Although the HMGN5 proteins are clearly related, their amino acid sequence is surprisingly variable. While the NLS encoded by exon I and the NBD core encoded by exon III are highly conserved, the sequence encoded by exon II is highly variable. Likewise, the regions encoded by exons IV, V, and VI are significantly more variable in HMGN5 proteins than in other members of the HMGN protein family. One of the most prominent characteristics of HMGN5 is the high content of charged amino acids and their asymmetric distribution throughout the primary sequence. While the N-terminal 50 amino acids contain 3 times more positively charged than negatively charged amino acids, the C-terminal regions, which are highly variable in length, all have a highly negative net charge (Fig. 1B). Exon VI, which in all HMGN5 genes encodes more than 50% of the protein, contains the repetitive motif EDGKE; the mouse C-terminal region contains 11 repeats, while the Bos taurus and Pan troglodytes versions contain only 3 repeats. Over 70% of this tail is composed of the four amino acids DEGK. In spite of these similarities, the sequence and size of this region differ greatly among the HMGN5 proteins (Fig. 1B). The sequence variability may be related to the presence of retrotransposon sequences in exon VI. It has been suggested that HMGN5 originated from an insertion of an ancestral HMGN gene into a locus with a low recombination frequency in chromosome X and the subsequent insertion of retrotransposons into this genomic region (21). The X chromosome is known to be a preferential site for retrotransposition of both human and mouse genes (19).

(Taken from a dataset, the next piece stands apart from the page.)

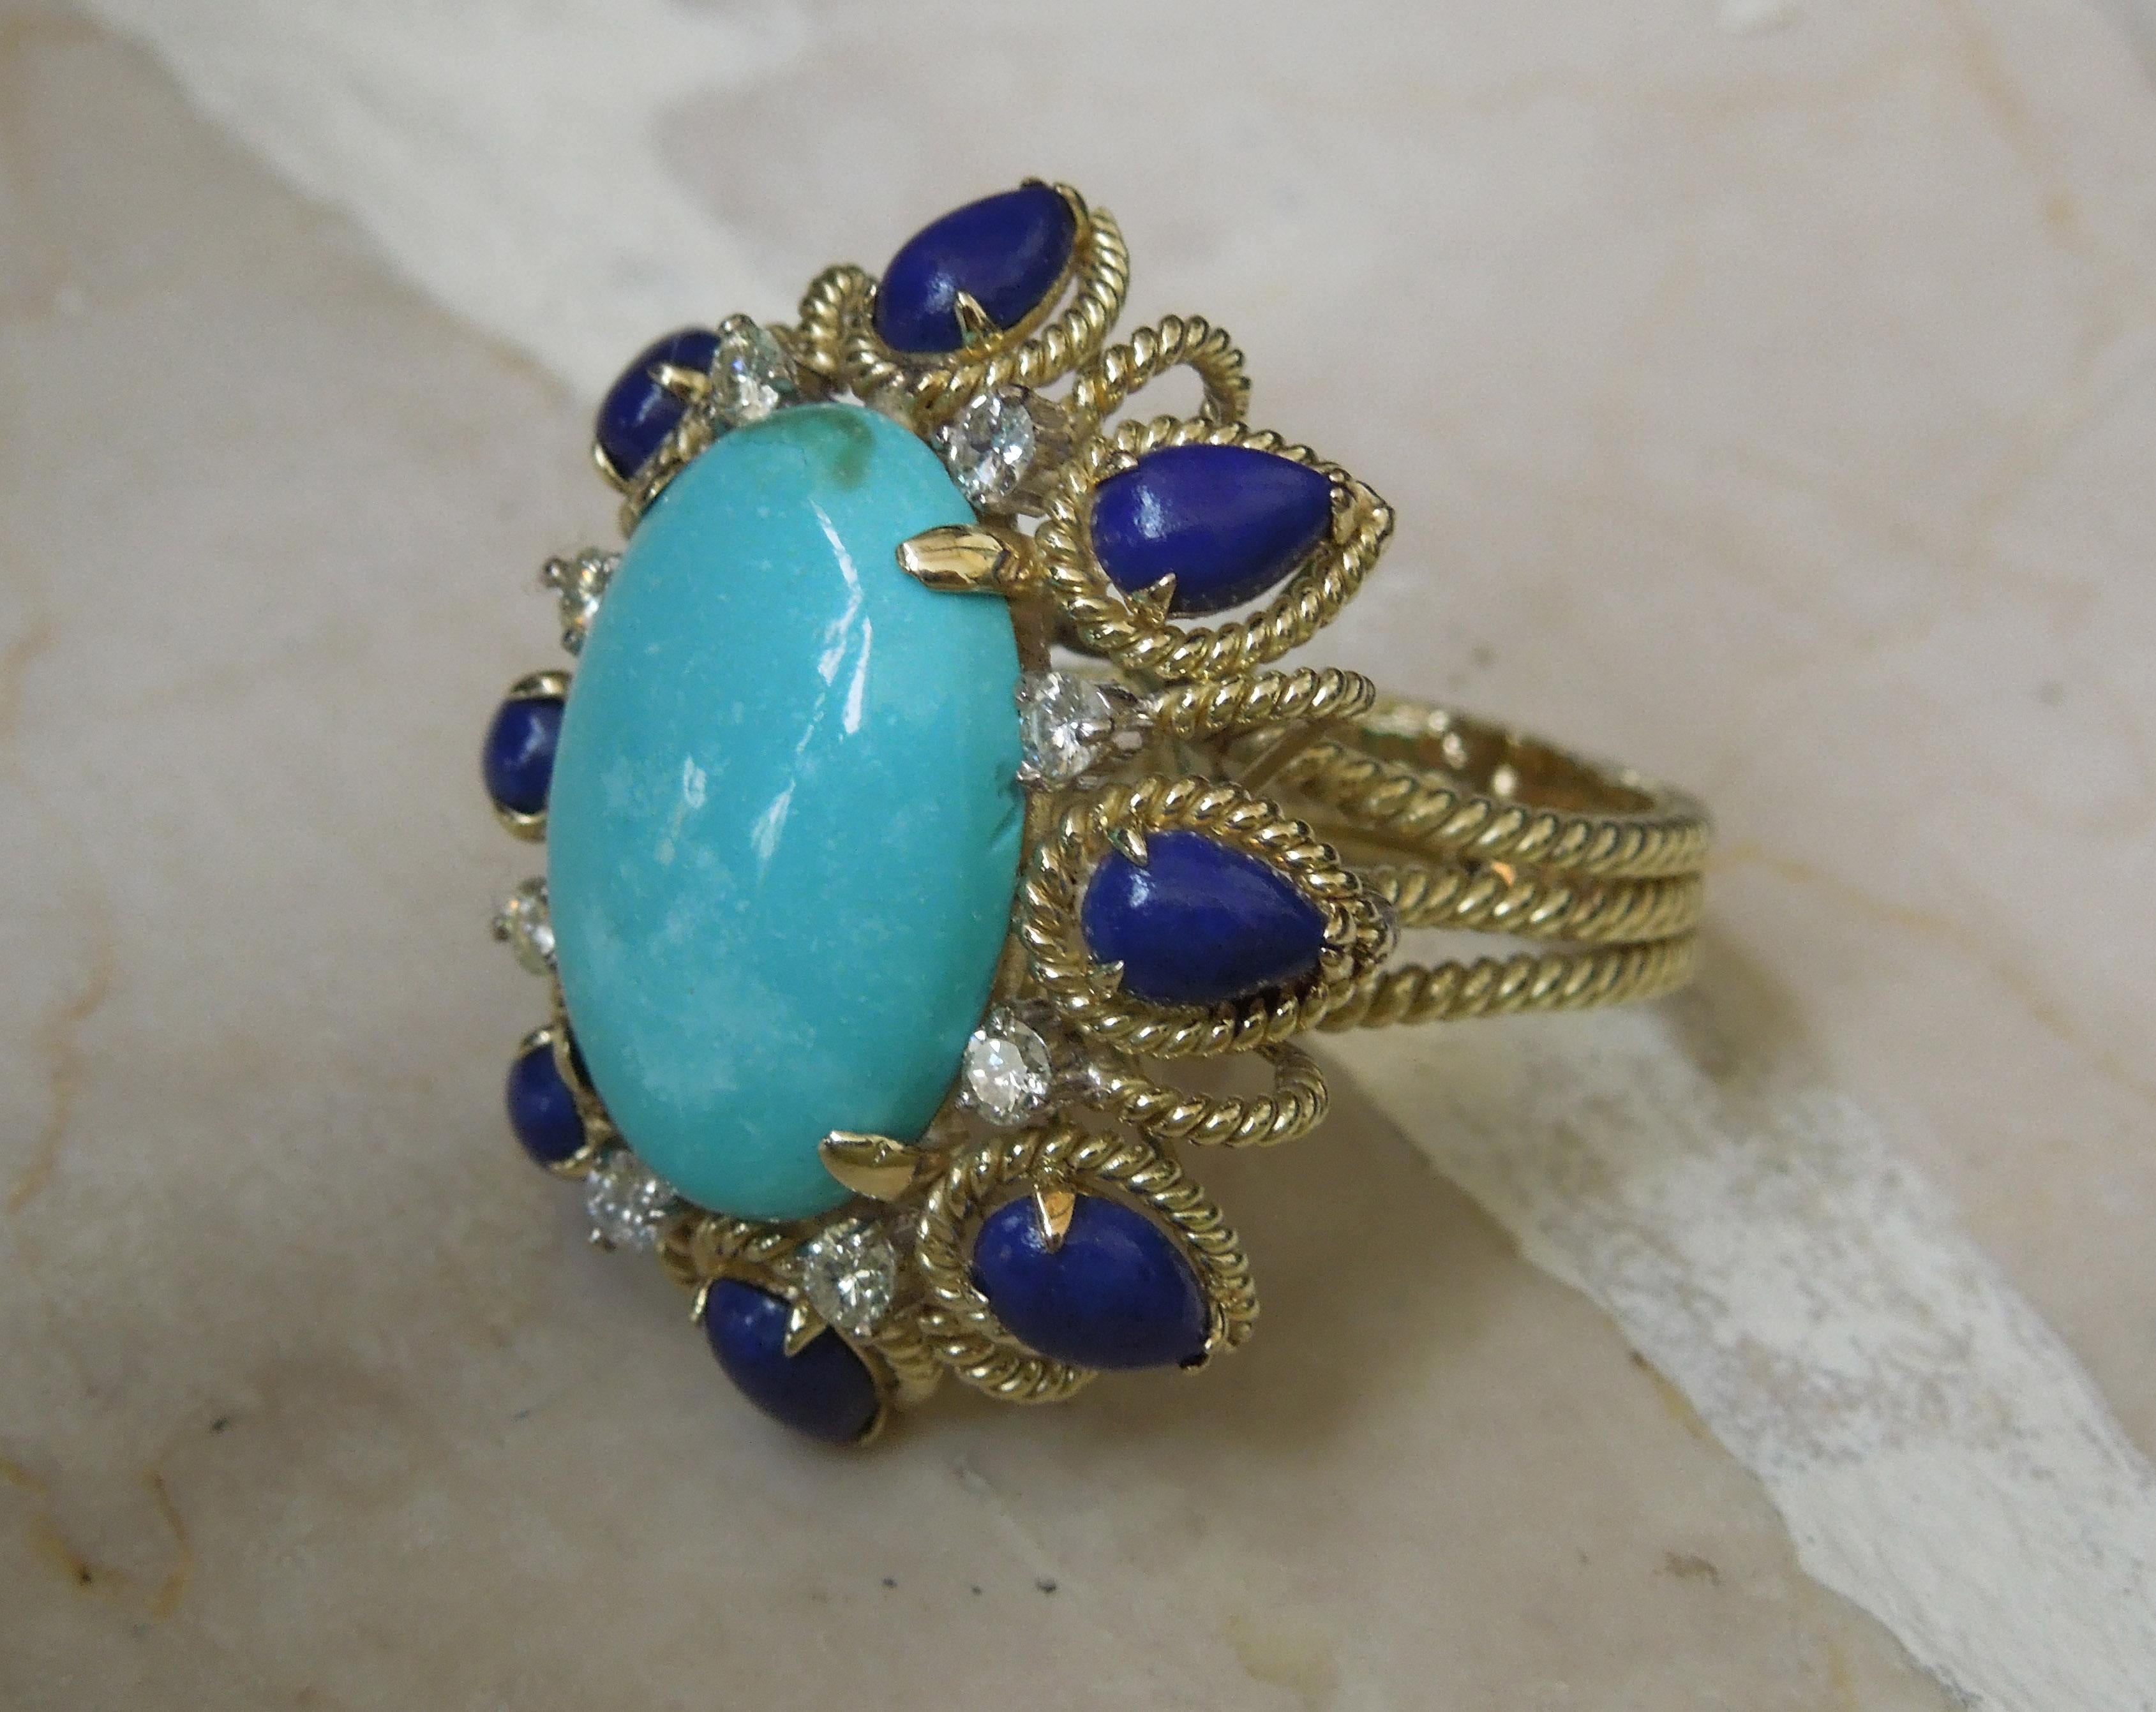 Featuring 1 Central Oval piece of Natural Turquoise at approximately 20mm x 13.3mm, secured in 4 Prongs. Surrounded by 8 Pear shaped pieces of Natural Lapis Lazuli, spaced with 8 Colorless Nearly Flawless to Slightly Included Round Brilliant cut

The high sequence variability among the HMGN5 proteins raises the question of the degree of functional similarity between the proteins. Here we focus on the human HMGN5 variant and compare it to the mouse HMGN5 variant, whose function was characterized previously (32). Schematic alignment of the genes coding for the mouse and human proteins revealed that the most prominent difference between the proteins is in their C-terminal regions, which are encoded by exon VI (Fig. 1C). In particular, the C terminus of mHMGN5 is significantly longer and more acidic and contains 3 times as many EDGKE repeats as the human protein. The 3′-untranslated region (3′UTR) of hHMGN5 represents approximately 44% of the entire cDNA (951 of 2,126 bp), is longer than the 3′UTR of mHMGN5, and contains 3 different polyadenylation sites (21). In summary, the properties of the C-terminal region not only distinguish the HMGN5 variant from all other HMGN variants but also lead to species-specific differences in the properties of the HMGN5 variant.

Distinct intranuclear organization of human and mouse HMGN5 proteins.

hHMGN5 was detected in a Western blot as a single band of 55 kDa, which is considerably higher than 31 kDa, the calculated molecular mass of hHMGN5 (Fig. 2A, left panel). We also noted that the electrophoretic mobility of mHMGN5 was anomalously high, since the 406-amino-acid protein, with a calculated molecular mass of 44.6 kDa, was visualized as a 75-kDa band (Fig. 2A) (32). To ensure the specificity of the antibody, we treated the cells with siRNA specific for hHMGN5. The siRNA led to marked reduction of the 55-kDa band, thereby confirming the specificity of the antibody (Fig. 2A, right panel).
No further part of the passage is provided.